__EXERCISE AIM__
All of the data should be copied exactly, with the pictures left out.

__DATA__
-=-=-

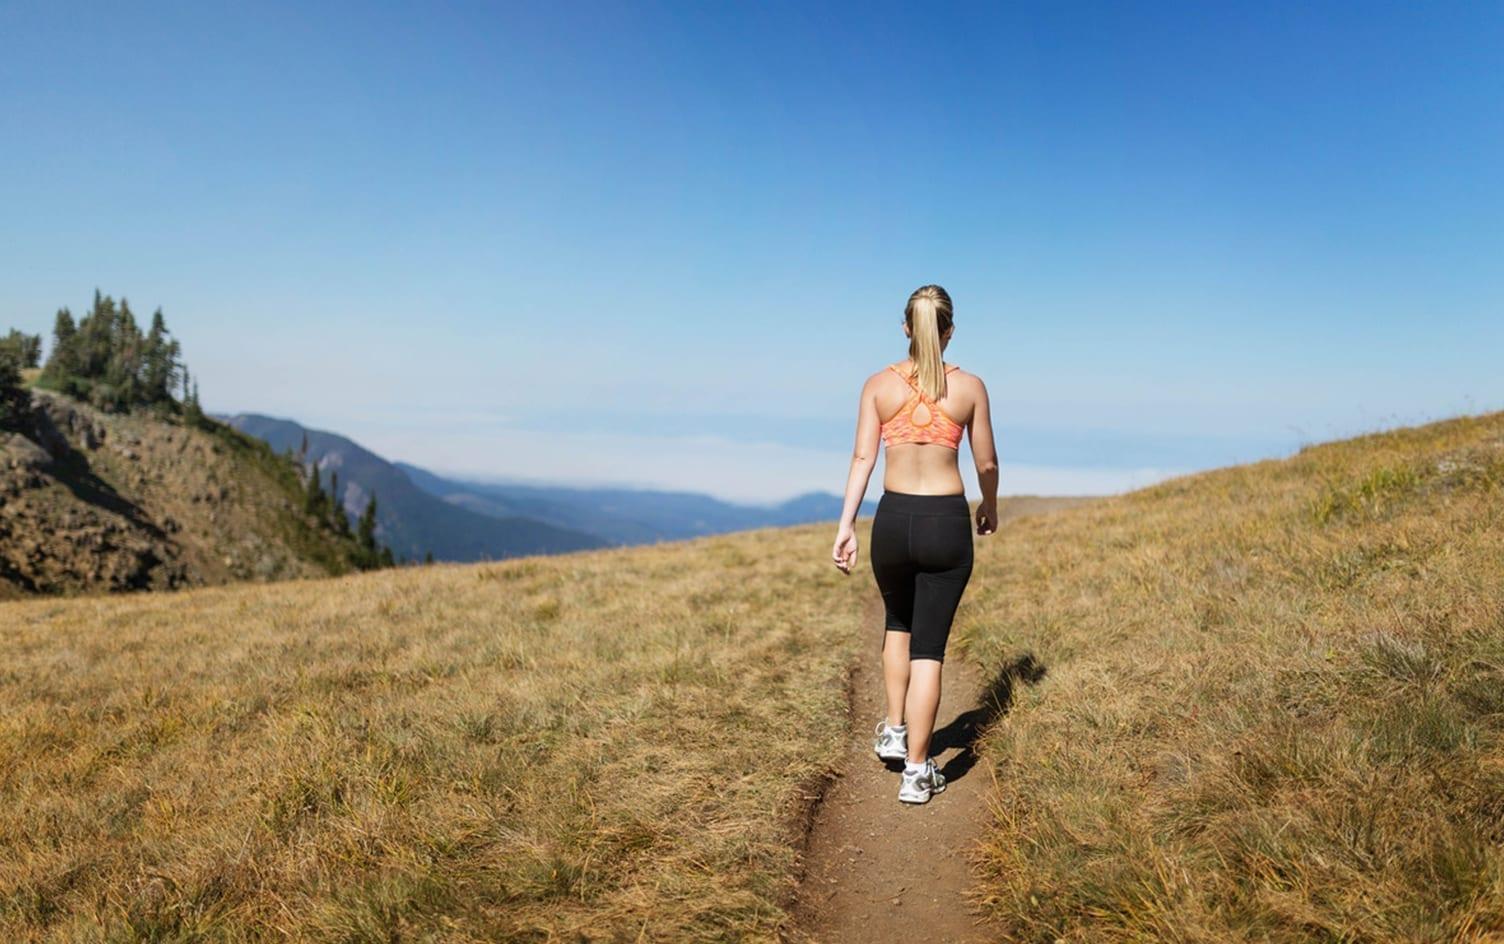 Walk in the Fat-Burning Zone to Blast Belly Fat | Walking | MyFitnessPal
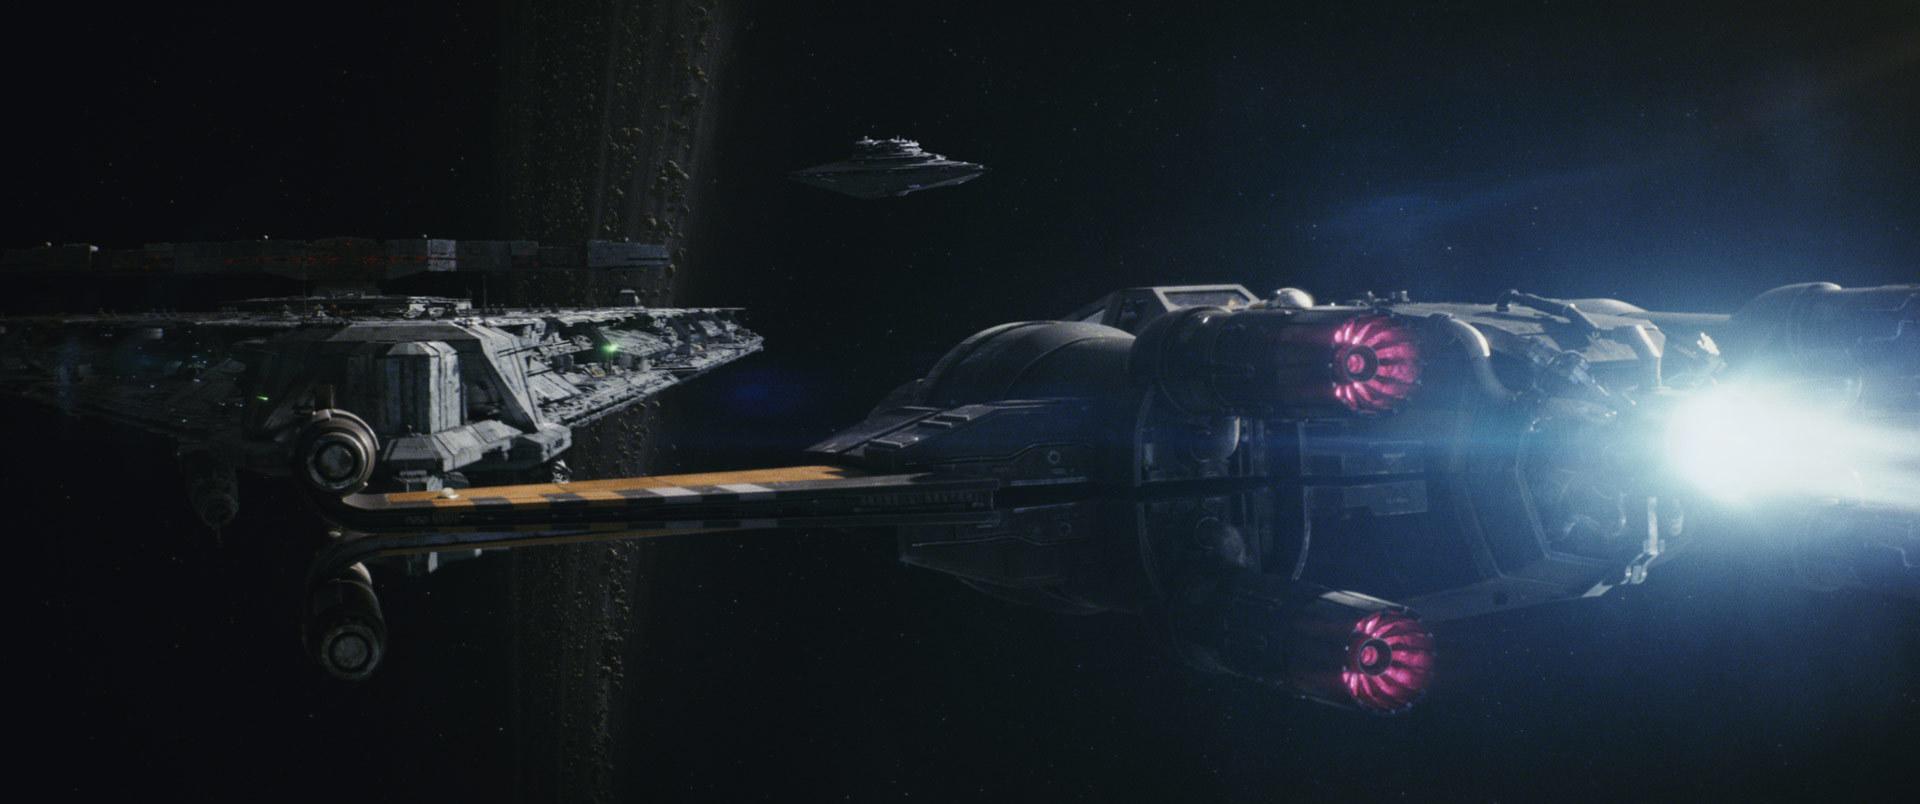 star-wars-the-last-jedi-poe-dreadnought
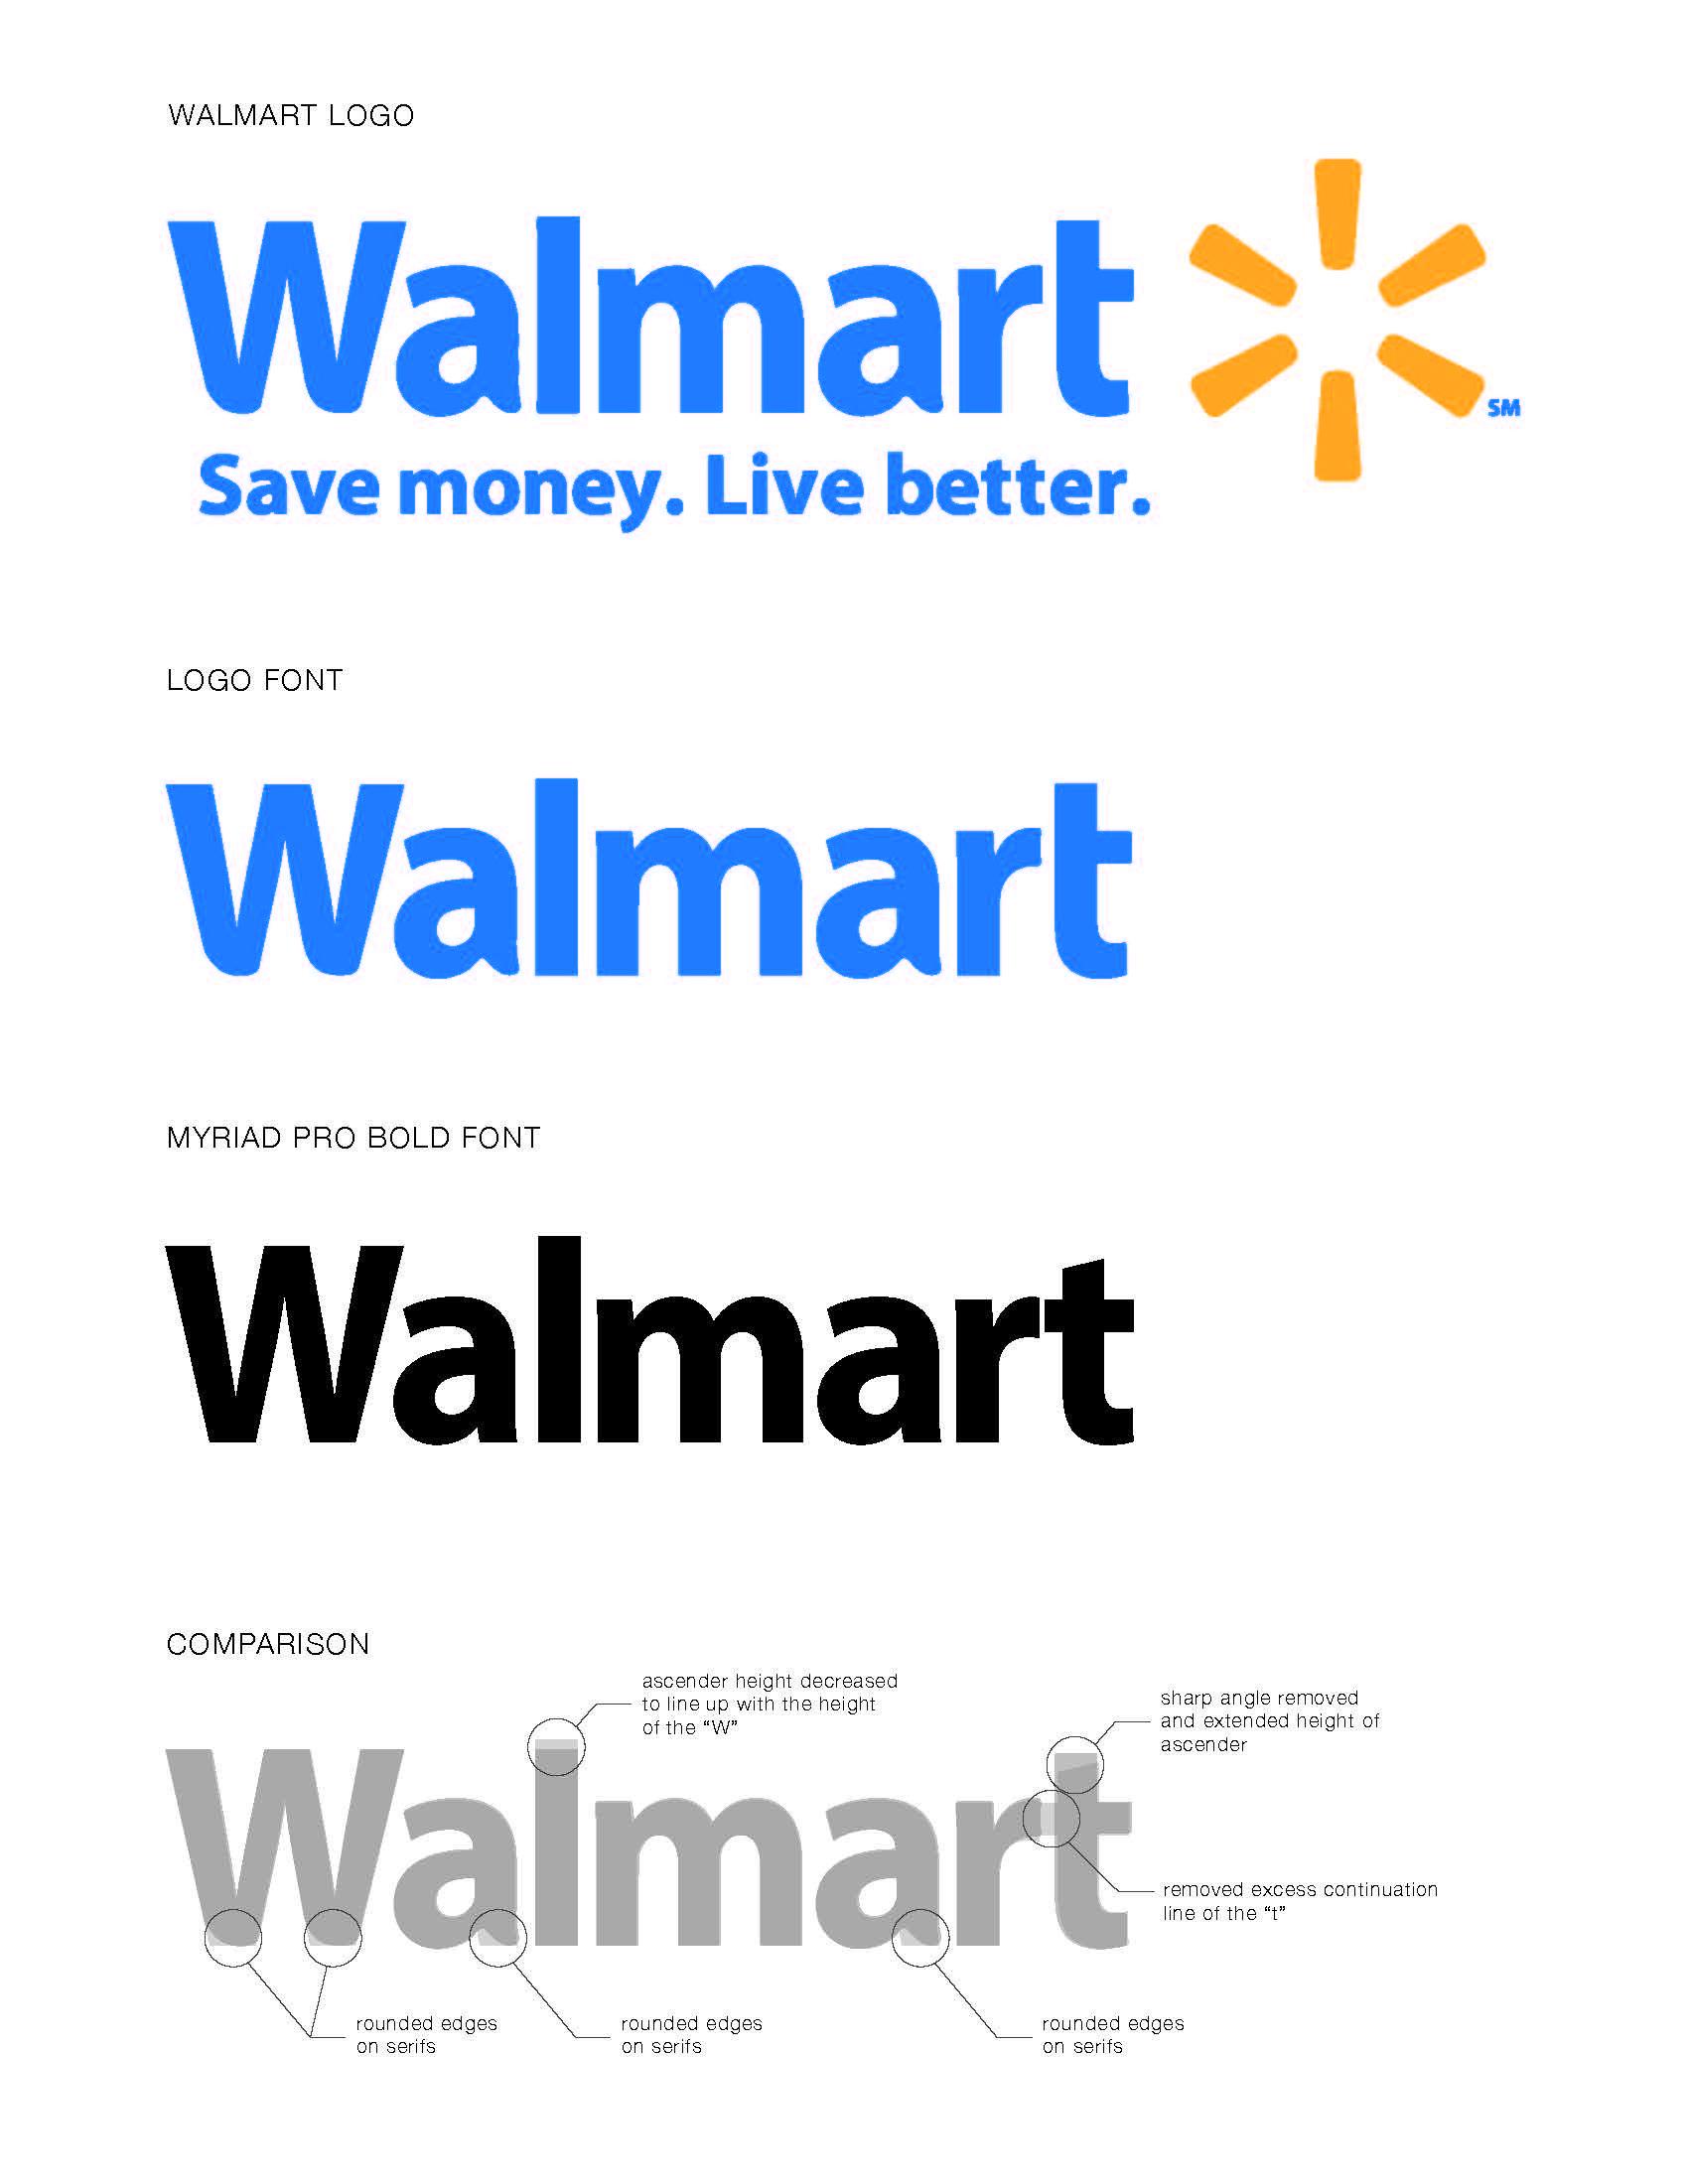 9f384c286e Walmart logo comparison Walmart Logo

-=-=-

__TASK ANSWER__
 Walk in the Fat-Burning Zone to Blast Belly Fat | Walking | MyFitnessPal
 star-wars-the-last-jedi-poe-dreadnought
 9f384c286e Walmart logo comparison Walmart Logo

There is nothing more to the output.